The Capability Maturity Model Integration (CMMIsm) (CMU/SEI 2002-TR-004) is a capability maturity model which focuses on improving business performance through process improvement within Software and Systems Engineering organisations. NCR Financial Solutions Group, the world's number one Automated Teller Machine (ATM) provider, successfully implemented CMMI to achieve several organisational benefits, including significant improvements in business performance.

This paper commences with an overview of CMMI and then details the successes and challenges experienced by NCR in implementing CMMI. It also shows how a Project Management Office (PMO) can drive the implementation of CMMI along with other organisational improvements in order to achieve improved business performance.

Success in business is underpinned by a combination of good people, practices, systems and processes. CMMI focuses primarily on processes - Project Management being a core component. The PMO in NCR Dundee has a broader remit to cover improvements in projects, people, and practices. This presentation highlights how the PMO and CMMI activities complement each other towards improving Project Management Maturity.

Organisational change activities, such as improving Project Management Maturity, seldom run smoothly. In order to realise the improvements, NCR recognised the need for organisational cultural changes to be made. Other major challenges encountered were:

  • gaining management buy-in
  • institutionalising processes
  • keeping the change momentum going

This paper will describe how NCR addressed and overcame these challenges in order to achieve tangible business performance improvements. It provides an insight for other organisations embarking on, or in the midst of, the challenging journey towards Project Management Maturity.

Overview of CMMI

CMMI provides guidance to engineering organisations in developing and improving processes. CMMI also provides a standard set of practices against which organisations can assess their processes.

CMMI comes in two basic flavours: staged and continuous.

Staged CMMI is the better known, with its five levels of organisational maturity (Exhibit 1). This enables comparisons between organisations and offers a proven sequence for improvement. As the diagram illustrates, moving up the maturity level scale can lead to improved predictability and productivity. Continuous representation of CMMI allows organisations to select the order of improvements that best meet its business objectives and mitigate areas of risk. Both CMMI representations are designed to provide equivalent results.

CMMI Maturity Levels, Process Areas and Predictability

Exhibit 1 - CMMI Maturity Levels, Process Areas and Predictability

CMMI has process area groupings, which describe good practice in Project Management, Engineering, Process Improvement and Integrated Product and Process Development. Within each of the process area groupings there are described levels of maturity in practice that provide a road map for improvements.
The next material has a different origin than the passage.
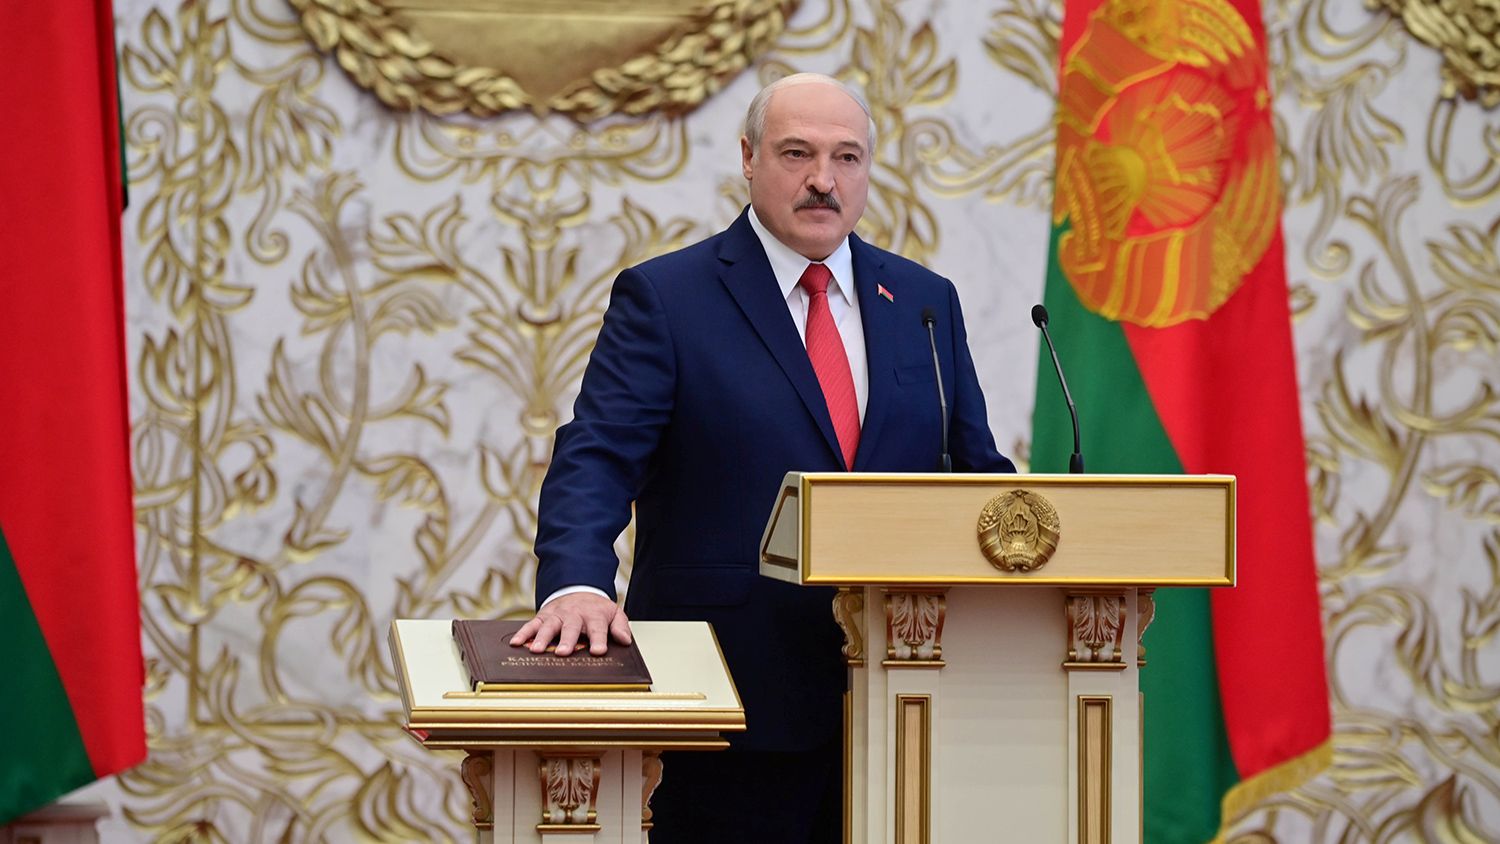 Інавгурація чи злодійський «сходняк»? Лукашенко окупував посаду президента, попри протести виборців

CMMI is built on the premise that the quality of a system is highly influenced by the quality of the process used to acquire, develop and maintain it. CMMI therefore focuses primarily on process and process improvement.

Background to NCR Dundee

NCR, founded in 1884, manufactured the world's first cash register. It is now a multi-national organisation involved in providing solutions that are designed specifically to enable NCR's customers to build, expand and enhance their relationships with their customers by facilitating transactions and transforming data from transactions into useful business information.

Today, NCR has 28,500 employees worldwide and revenue of $6 billion. NCR is made up of 5 different business units. The NCR plant in Dundee Scotland is part of NCR's Financial Solutions Group business unit. It employs 1500 people and is NCR's headquarters for the design and development of Financial Self Service Products, the most recognisable product being the Automated Teller Machine (ATM).

Within the Dundee location there are 500 people involved in Research & Development (R&D). At any one time there can be up to 50 active product development projects. Projects involve the development of software, electronics, hardware or a combination of all three, and can typically be anything from 2 months to 2 years in duration.

Although the NCR Financial Solutions Group business unit is the world's number one ATM provider, competition in the market place is strong and there is an ever growing need to improve business performance. Improving the success rate of product development projects is seen as a major contributor to this. Previous improvement initiatives included the implementation of CMM® (Ref: SEI-93-TR-24) within the software development group. There was also on-going activity utilising Six Sigma methods and tools. However there was a need to implement an initiative that would improve the performance of the whole R&D organisation.

A program was commenced in late 2001 called the NCR Self Service QUality, EfficiencieS and Time-to-Market (QUEST) improvement program. The objectives of the program were to:

  • reduce variance to plan for development projects
  • decrease time to market
  • provide consistency in execution and drive a process management culture
  • improve organisation maturity and performance results via:
    • repeatable processes in place, in use, measured and being improved
    • verification of process conformance through regular audits
    • process training
    • consistent delivery against commitments (functionality, quality, cost and schedule)
    • proactive behaviour (risk management, lessons learned, use of measures to predict likely outcome)
    • establishing project management best practice
  • achieve CMMI Level 2 rating within a year and move to higher ratings in an aggressive timescale thereafter

This would be achieved by institutionalising improved development processes and practices via effective continuous improvement. The Capability Maturity Model-Integration model was used as a guide for the improvements.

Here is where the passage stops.